Y a-t-il des sociétés plus naturelles que d’autres ?

Partager sur Facebook Partager sur Twitter


L'analyse du professeur


La Fable des abeilles de Mandeville est une sorte de conte philosophique au moyen duquel ce célèbre représentant des premières formes d’utilitarisme compare la société humaine à une société animale, et cherche ainsi à montrer que les hommes n’ont pas naturellement intérêt à se détruire mutuellement, mais sont enclins à coopérer pour le plus grand bien-être de tous et de chacun. Pourtant, l’histoire semble démontrer que cette utopie d’une société naturelle, qui se dispenserait de la régulation politique et juridique d’un État, ne peut exister en pratique et confine au conflit. La nature peut-elle être une norme, un fondement de la sociabilité ? Y a-t-il un sens à parler de sociétés naturelles ? Comment distinguer les critères de la naturalité ?
Réfléchir à la question de savoir si certaines sociétés sont plus naturelles que d’autres engage ainsi à se poser le problème de ce qui fait le lien social, et, si tant est qu’il peut sembler naturel, à s’interroger sur la façon de respecter cette forme de naturalité. Le problème paraît en ce sens reposer sur une contradiction évidente : toute société semble à la fois naturelle, puisqu’elle est composée d’individus qui sont d’abord déterminés par ce qu’ils sont par nature, comme non naturelle, puisqu’elle implique nécessairement que la coexistence entre ces individus modifie la simple expression de ce qu’ils sont par nature, au point de construire une culture qui discipline, voire bouleverse, les données naturelles.

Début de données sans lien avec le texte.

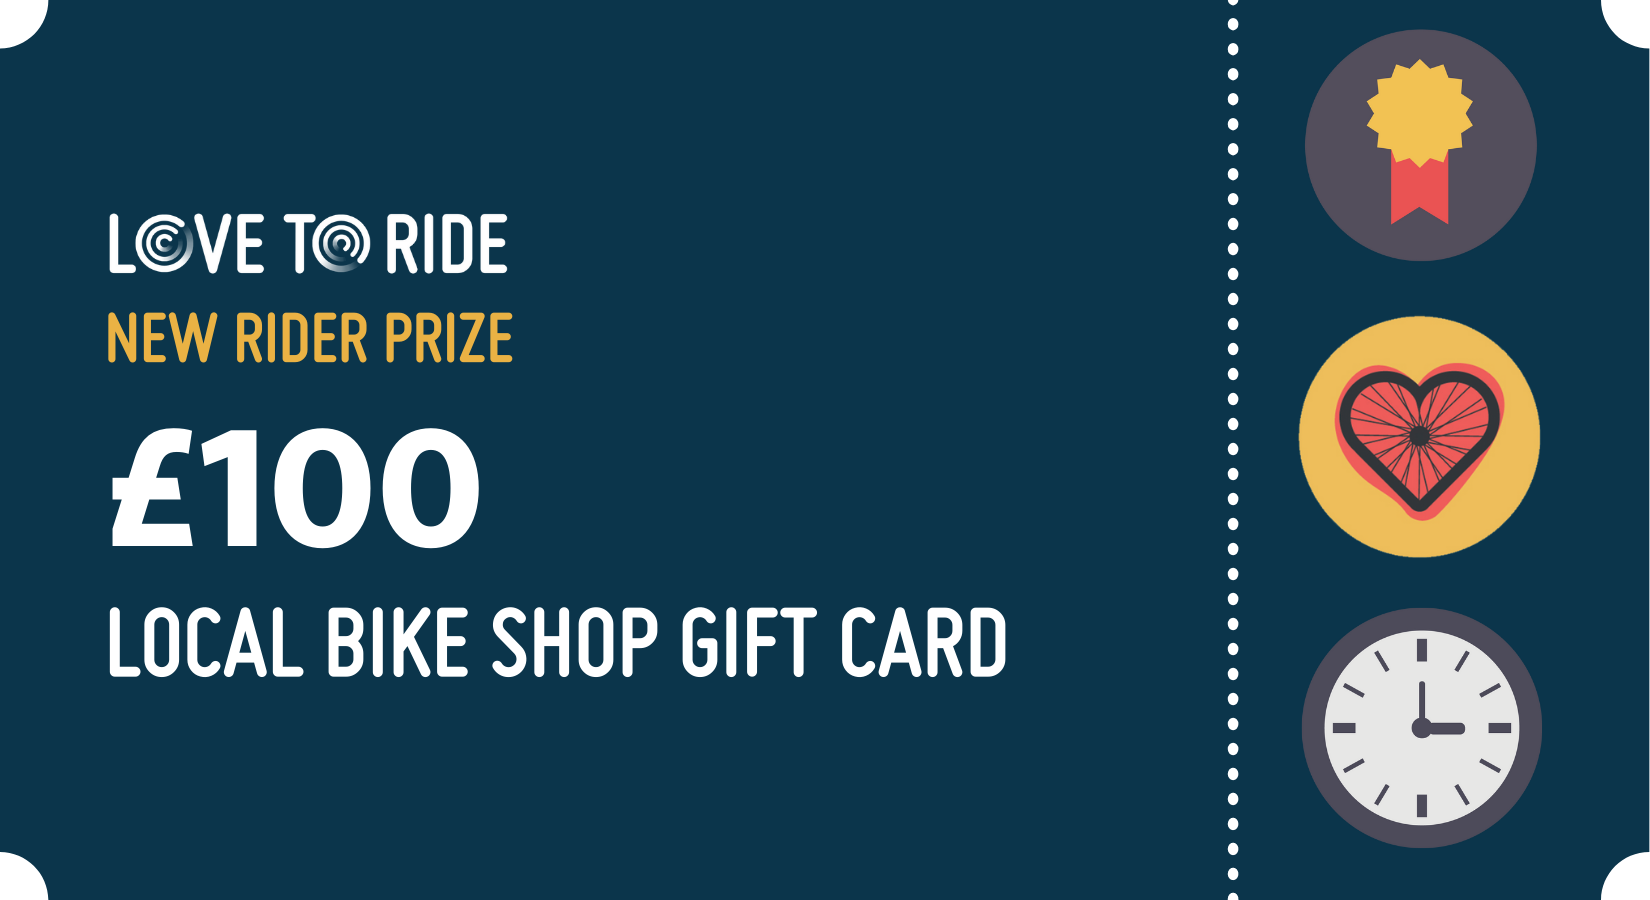 A local bike shop gift card design. The text says 'Pre-registration prize. £100 local bike shop gift card'

Quelle est la limite au-delà de laquelle la transformation de la nature permet de caractériser un arrachement à cette nature ? Toute culture n’est-elle pas par principe une non-nature ? Jusqu’à quel point peut-on identifier une nature qui serait un norme, et au regard de laquelle on pourrait distinguer des sociétés plus naturelles que d’autres ?
Nous chercherons tout d’abord à définir la notion de société naturelle, afin de montrer qu’elle permet de distinguer différents types de sociétés, naturelles et non naturelles. Nous en viendrons toutefois ensuite à constater que le critère de distinction que nous avons construit revient à essentialiser le comportement de l’homme, et à ne pas prendre conscience que la notion de nature ne peut signifier la même chose chez l’homme que pour tout animal. Dès lors, nous tenterons, dans la dernière partie de notre raisonnement, de montrer que l’homme a paradoxalement une nature culturelle, c’est-à-dire qu’il n’est possible à son égard de parler de société naturelle qu’en acceptant que le critère naturel se fonde moins sur des caractéristiques essentielles que sur des valeurs morales.